[BUG] [CuTe DSL] Cold L2 leads to IMA in grouped_blockscaled_gemm

Open reubenconducts opened this issue 2 months ago • 1 comments

Which component has the problem?

CuTe DSL

Bug Report

Describe the bug When running grouped_blockscaled_gemm.py with use_cold_l2 == True, I run into an IMA with warmup_iterations + iterations > 10 in many cases, including but not limited to:

MXF4 and NVF4 with all test cases
MXFP8 with >=4 groups None of the IMAs arises without cold l2 or with fewer than 10 iterations.

Steps/Code to reproduce bug

from grouped_blockscaled_gemm.py import run

run(
    num_groups=4,
    problem_sizes_mnkl=[(256, 256, 256, 1), (512, 512, 512, 1), (1024, 1024, 1024, 1), (2048, 2048, 2048, 1)],
    ab_dtype=cutlass.Float8E4M3FN,
    sf_dtype=cutlass.Float8E8M0FNU,
    sf_vec_size=32,
    c_dtype=cutlass.Float32,
    a_major="m",
    b_major="n",
    c_major="m",
    mma_tiler_mn=(128, 128),
    cluster_shape_mn=(1, 1),
    warmup_iterations=5,
    iterations=10, # or any number of total iterations > 10
    skip_ref_check=True,
    use_cold_l2=True,
)

Environment details (please complete the following information):

B200

Oct 31 '25 18:10 reubenconducts

This issue has been labeled inactive-30d due to no recent activity in the past 30 days.

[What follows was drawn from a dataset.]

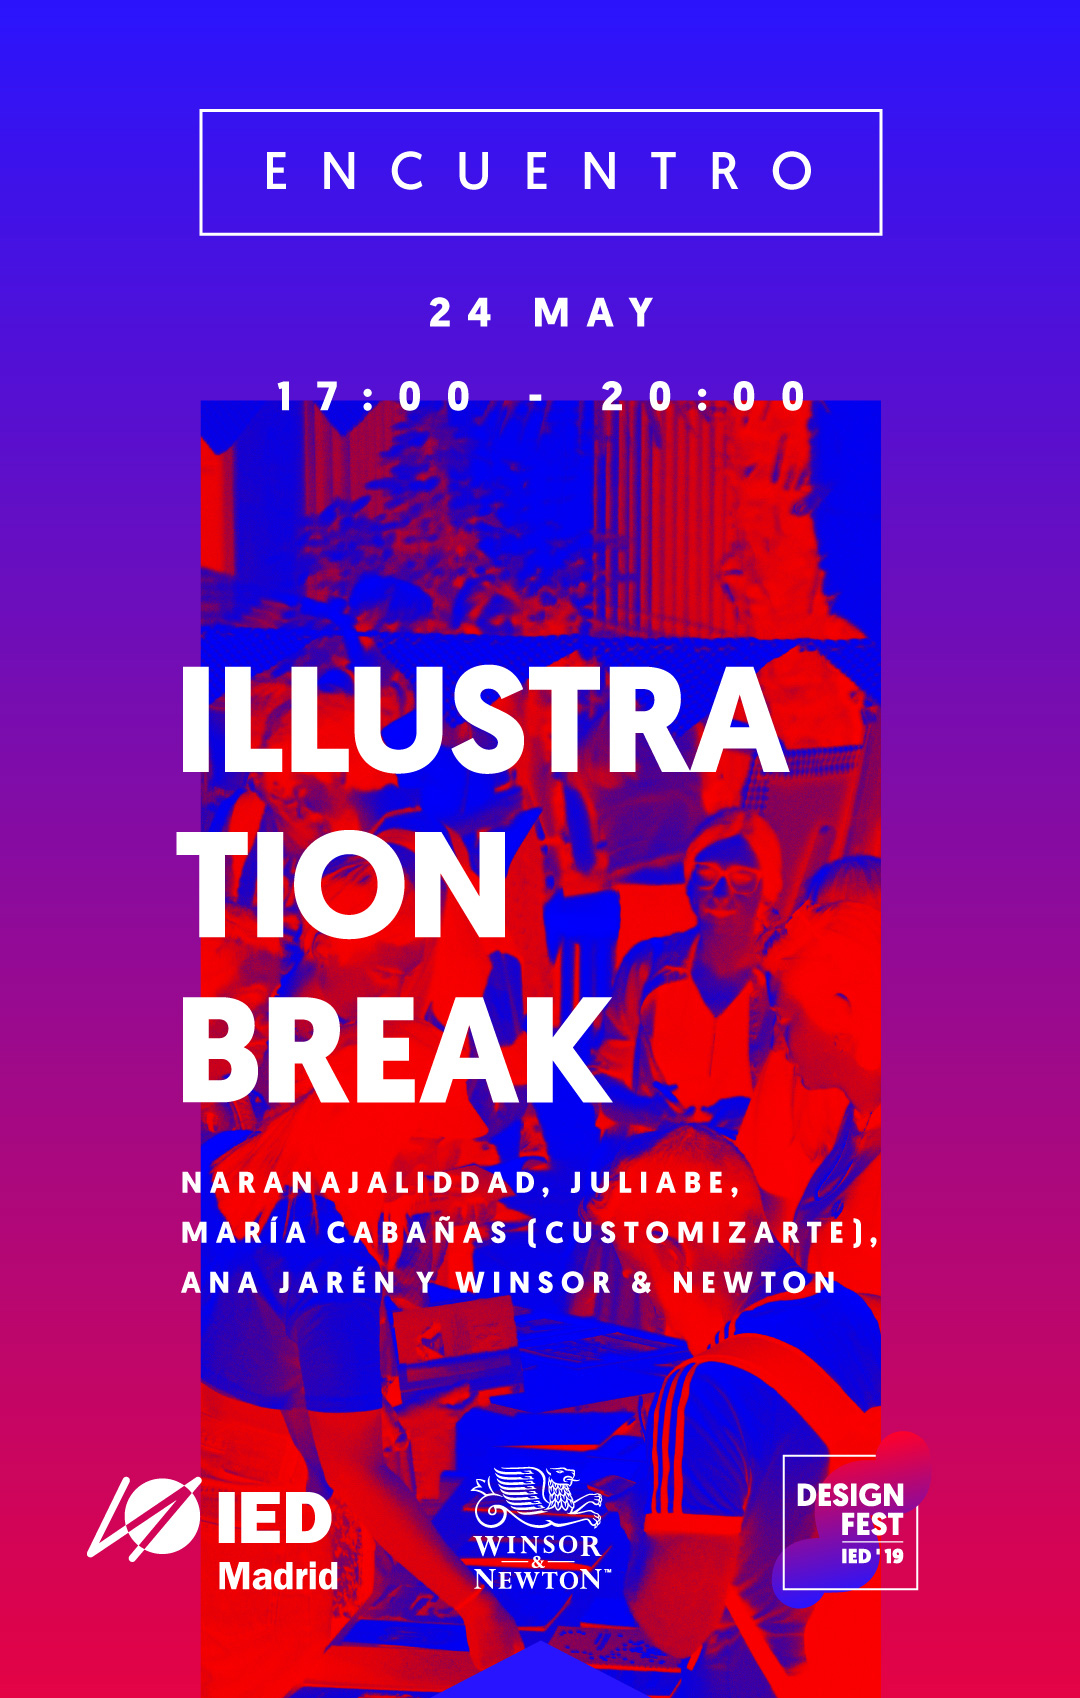 Illustration_Break_Design_Fest_19_IED_Stories_1920X1080_02_recorte.jpg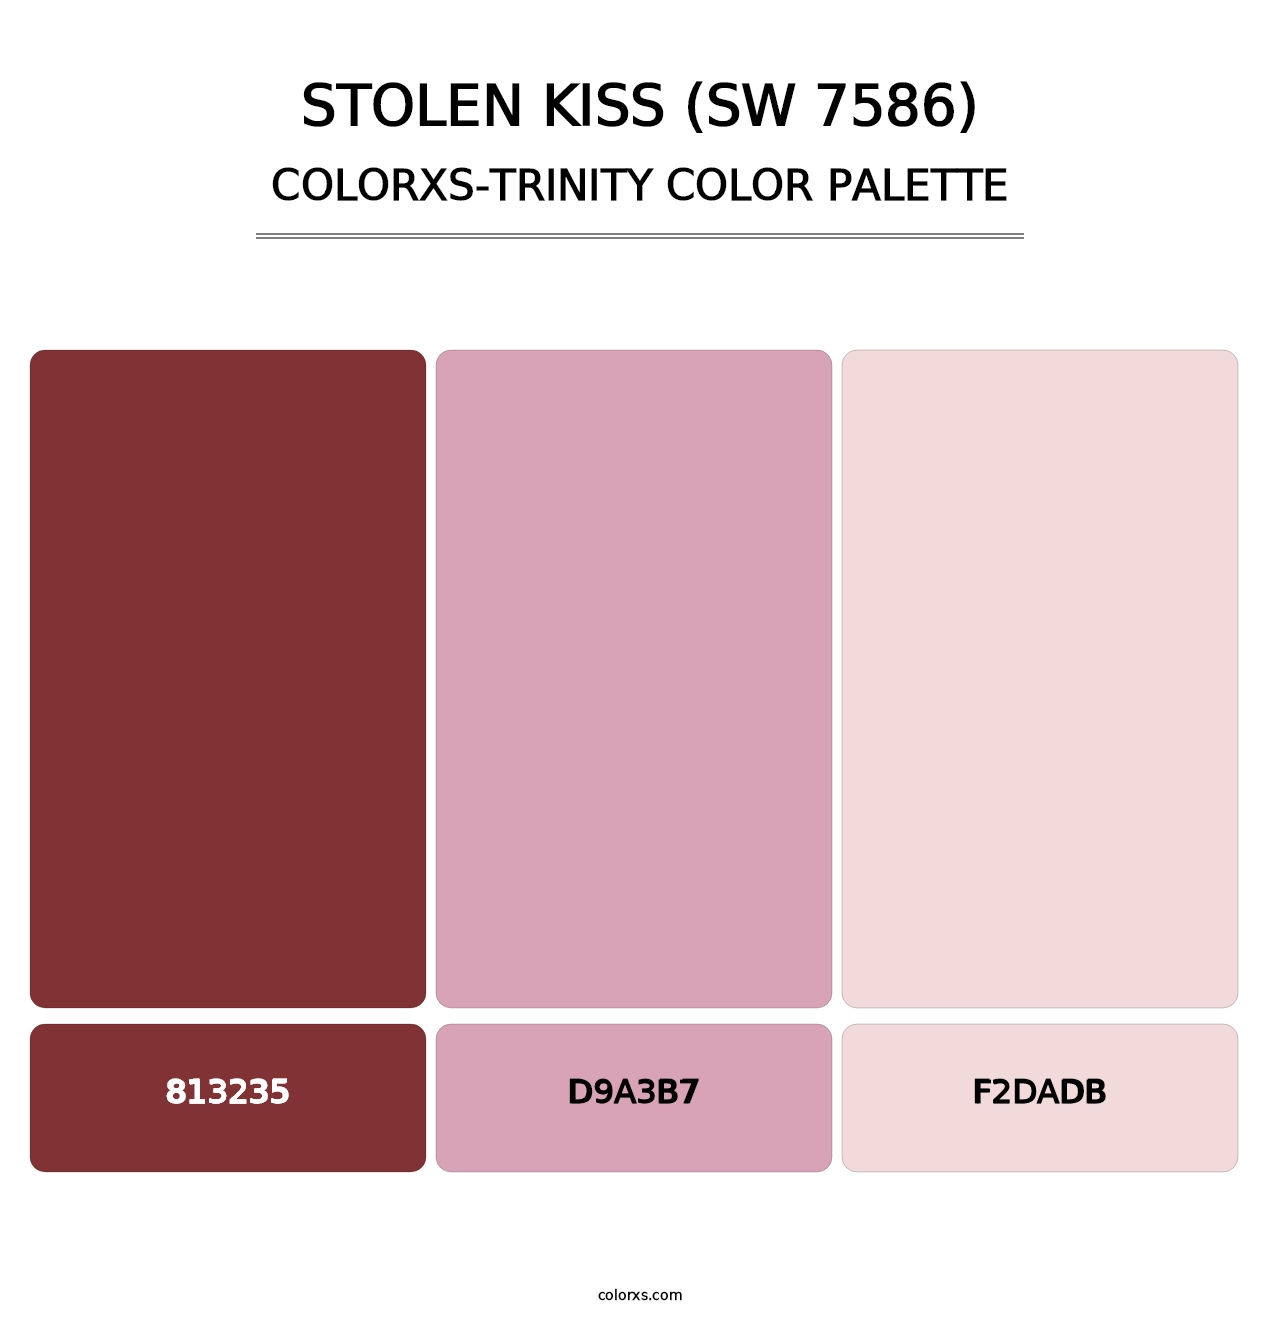 Stolen Kiss (SW 7586) - Colorxs Trinity Palette

Please close this issue if no further response or action is needed. Otherwise, please respond with a comment indicating any updates or changes to the original issue and/or confirm this issue still needs to be addressed. This issue will be labeled inactive-90d if there is no activity in the next 60 days.

Nov 30 '25 19:11 github-actions[bot]